= John Moore-Stevens (MP) =

John Curzon Moore-Stevens (1818–1903), JP, DL, MP for North Devon, High Sheriff of Devon in 1870.

Moore-Stevens was the son and heir of Thomas Moore-Stevens (1782–1832). He had been brought up in the expectation of becoming the heir of John Rolle, 1st Baron Rolle (1750–1842), of Stevenstone, who died childless and was his great-grandmother's nephew. However, Lord Rolle instead left his fortune to Hon. Mark Trefusis, who changed his name to Mark Rolle (d. 1907), the nephew of his second wife Louisa Trefusis, a daughter of Baron Clinton. He married in 1850 Elizabeth Anne Johnson, daughter of Rev. Peter Johnson.
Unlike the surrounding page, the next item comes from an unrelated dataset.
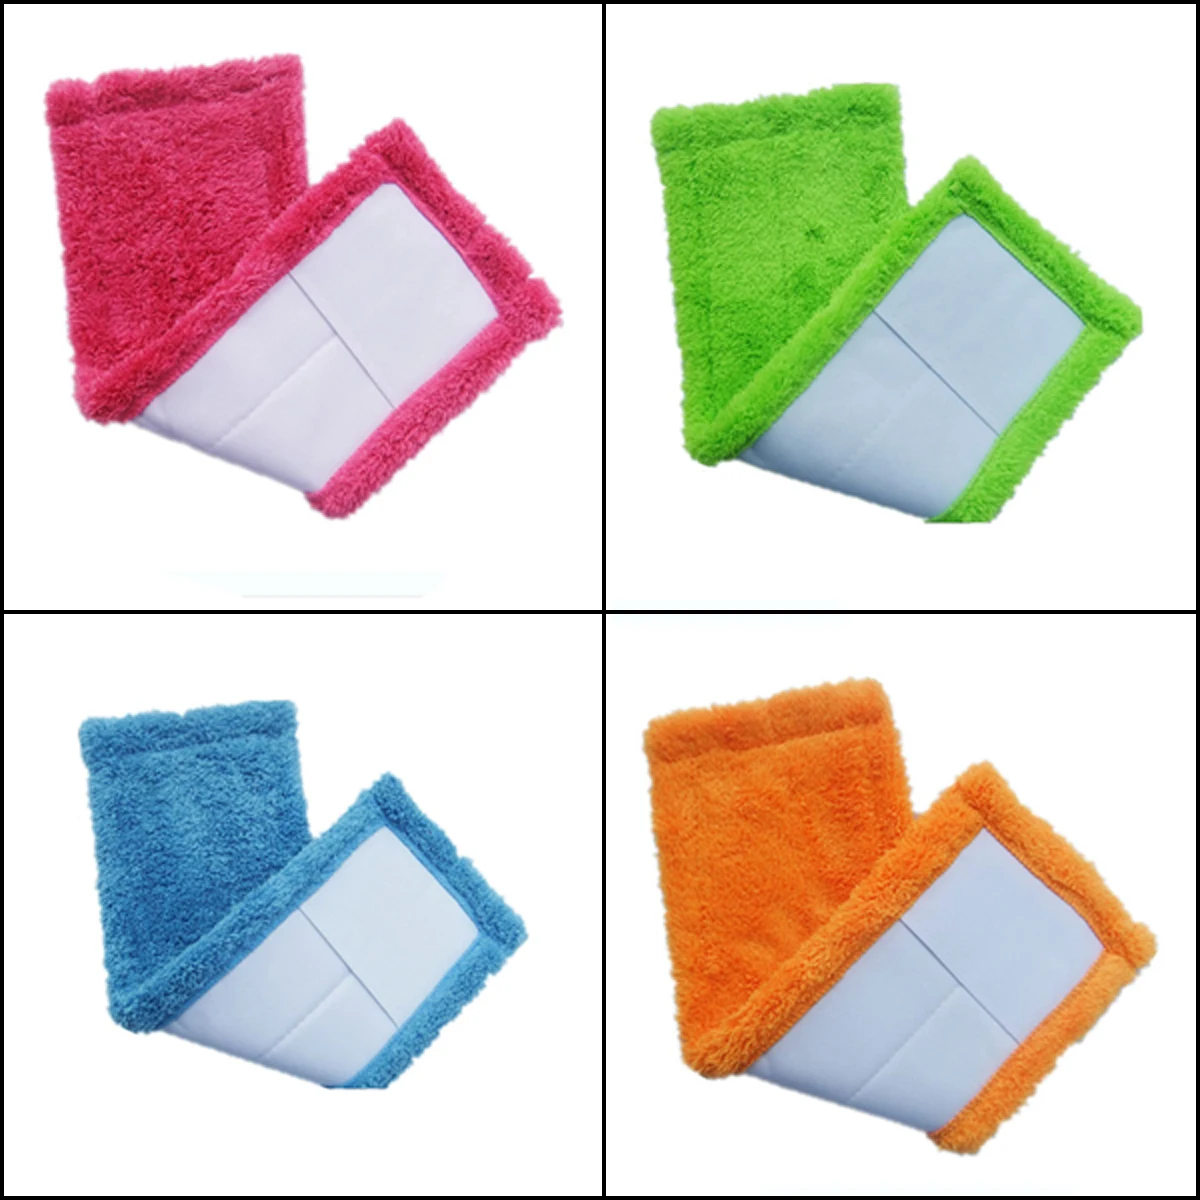 Mops Wet And Dry Replacement Mop Head Washable Microfiber Cleaning Mop Pads

Moore-Stevens rebuilt Winscott in 1865, immediately following his inheritance. He served as a JP on the Quarter Sessions Court of Devon, and Winscott House was built with its own "Magistrate's Room" with a separate entrance. He was especially reactionary and old-fashioned and at the Mid-Summer sessions of 1882 had declared his object was "to get rid of traction-engines altogether". On the abolition of the Quarter-Sessions in 1889 he was the only former JP to have been defeated by a non-magistrate in the elections for councillors to the new replacement governing body of the Devon County Council.